After that experience, O’Neil and Angie Miller, his wife, were ready to return to Duluth and co-found a Catholic Worker Movement in the tradition of Dorothy Day.
The transformation to a less confrontational style was a logical step in O’Neil’s development, McCabe said. It may have taken a few years for the passionate young activist see it that way, but the bridge-builder model was a far better fit for O’Neil’s strengths, especially as his faith grew.
“It’s kind of like he landed in the right place at the right time for his development,” McCabe said.
Coming from within
To sum up the various influences, many people helped shape the leader O’Neil represents today.
But McCabe also assigns credit to O’Neil himself. As a young man, he had to take a bold step toward an unconventional career by pursuing his passion for social justice. Where many others might have burned out over the years, he sustained and grew his vision and strategies.

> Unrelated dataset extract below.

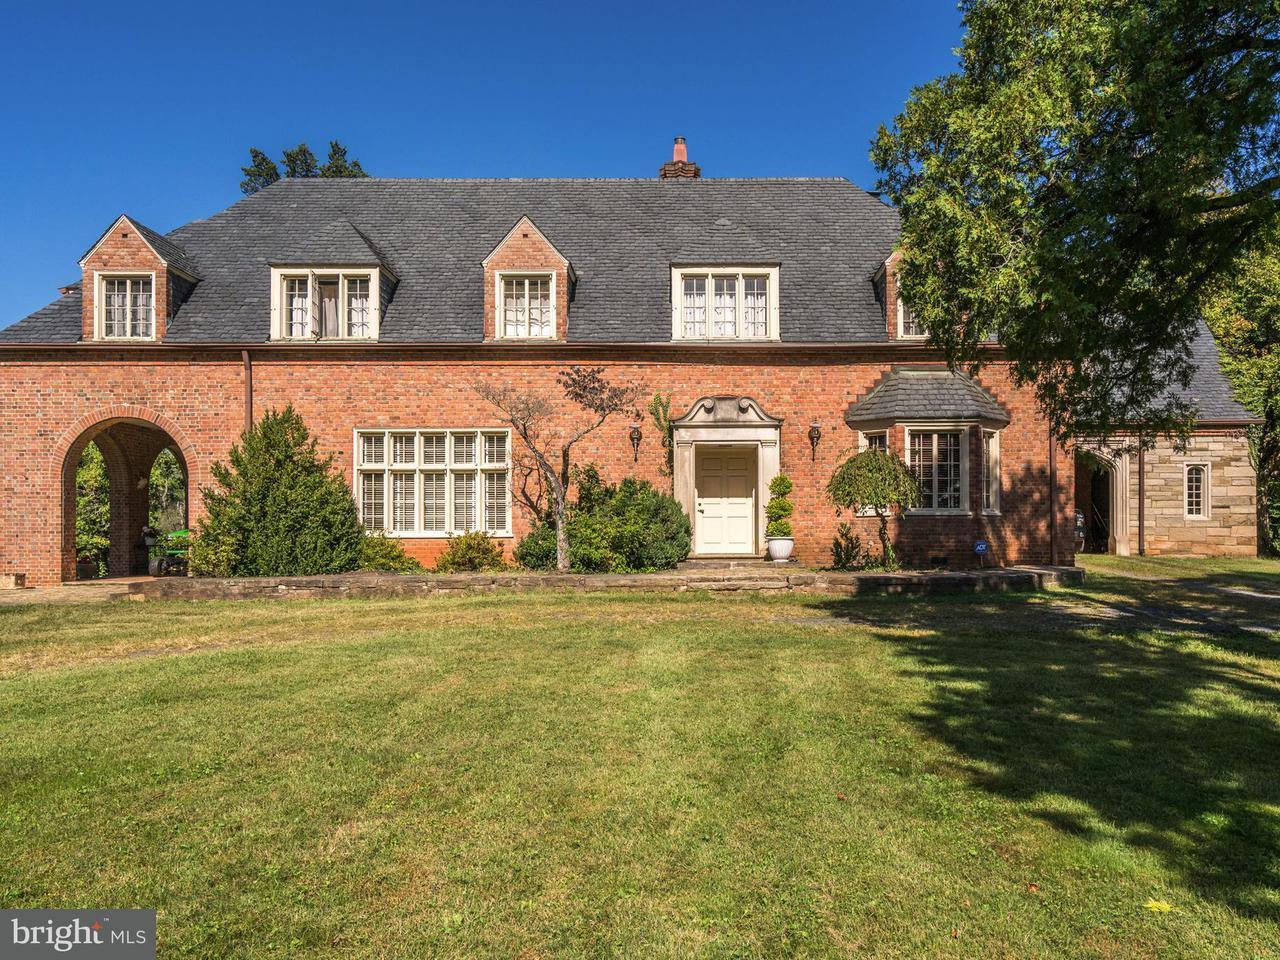 Additional photo for property listing at 6016 Lee Hwy 6016 Lee Hwy Warrenton, Virginia 20187 Stati Uniti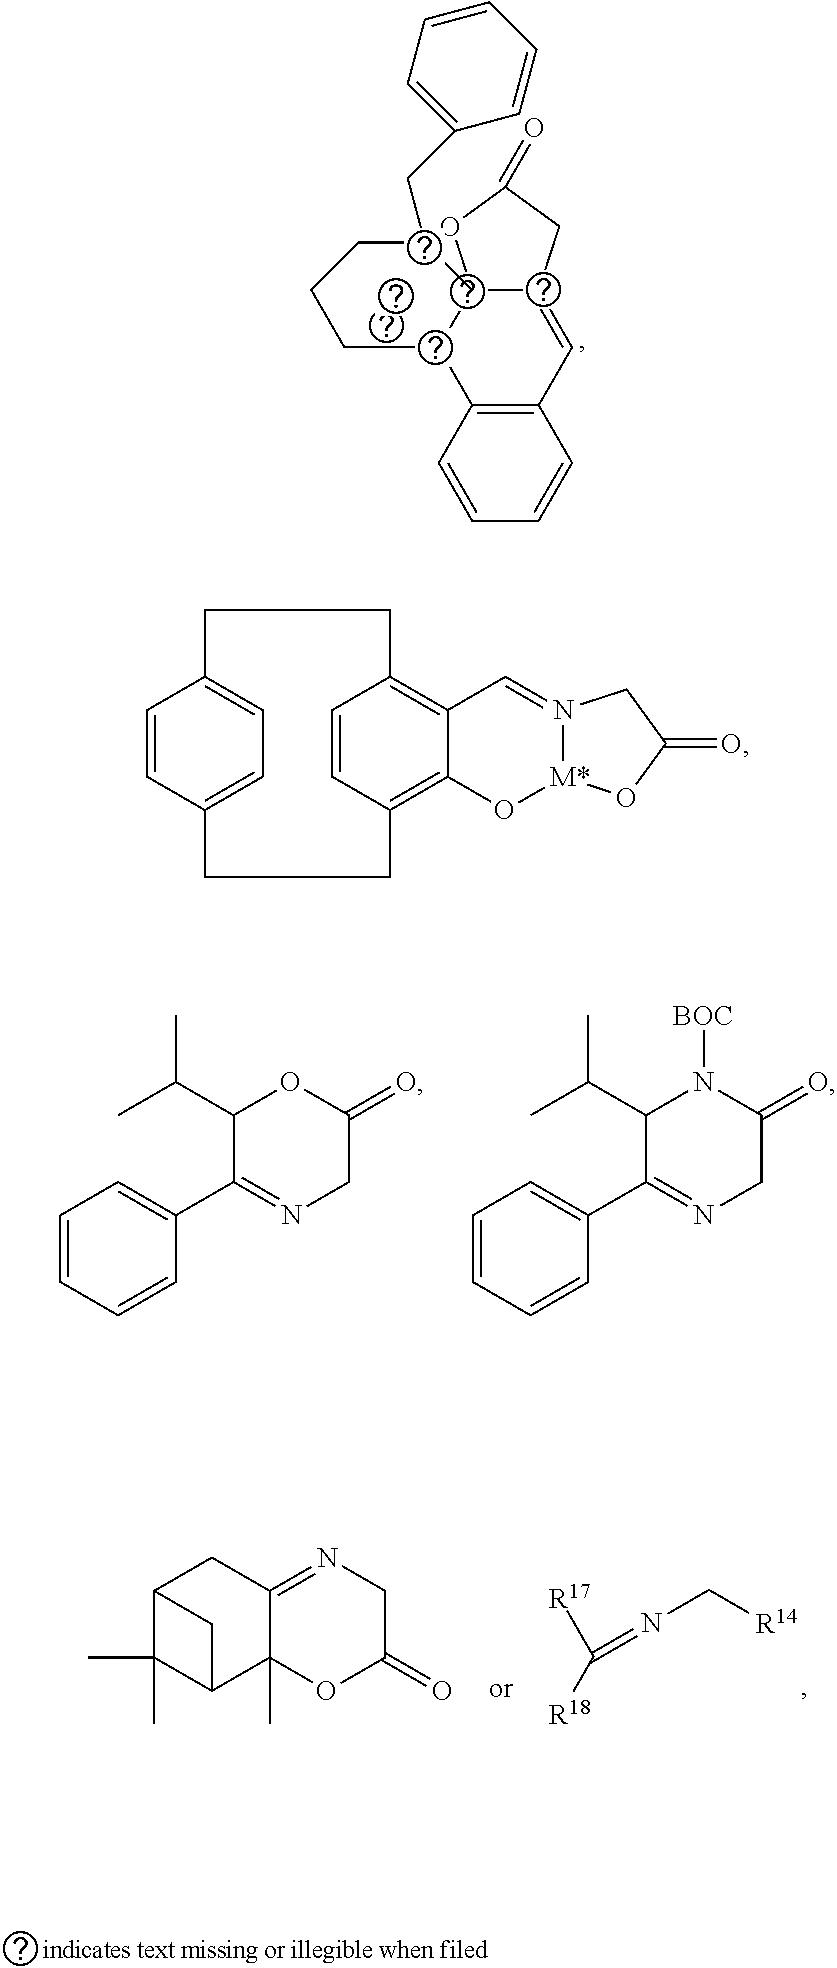 Us20140294763a1 Peptidomimetic Protease Inhibitors Google Patents Wiring Diagram Lowe 165 Fm Figure 20141002 C00024

Spirituality certainly is one explanation for the sustained sense of purpose, McCabe agreed. In spirituality there is a search for meaning, for making sense out of life. And many people do find deeply meaningful purpose in a religion that calls for compassion and service to others.
McCabe added, though, that while “the religious part comes from a higher power,” a certain force also “can come from you, internally.”
In other words, O’Neil needed motivation and courage in order to match his life with his spiritual vision. Leaders who find that match also can find rewards far beyond monetary compensation.
“There is a sense of meaningfulness, an inspirational, intrinsic kind of thing … knowing that you are making a difference,” McCabe said.
A new track
In recent years, O’Neil has taken his service model on a new track by becoming a St. Louis County commissioner. That creates an opportunity for O’Neil to leverage his impact, McCabe said.
“As a county commissioner, he still is serving the public, but he has a notable goal of solving the problems through the government,” McCabe said.
In a sense, though, the challenge remains the same.
“He needs to work to get people thinking the same way,” McCabe said. “He must have that gift to persuade people that we are capable of solving the problem of homelessness … those are the characteristics of leaders.”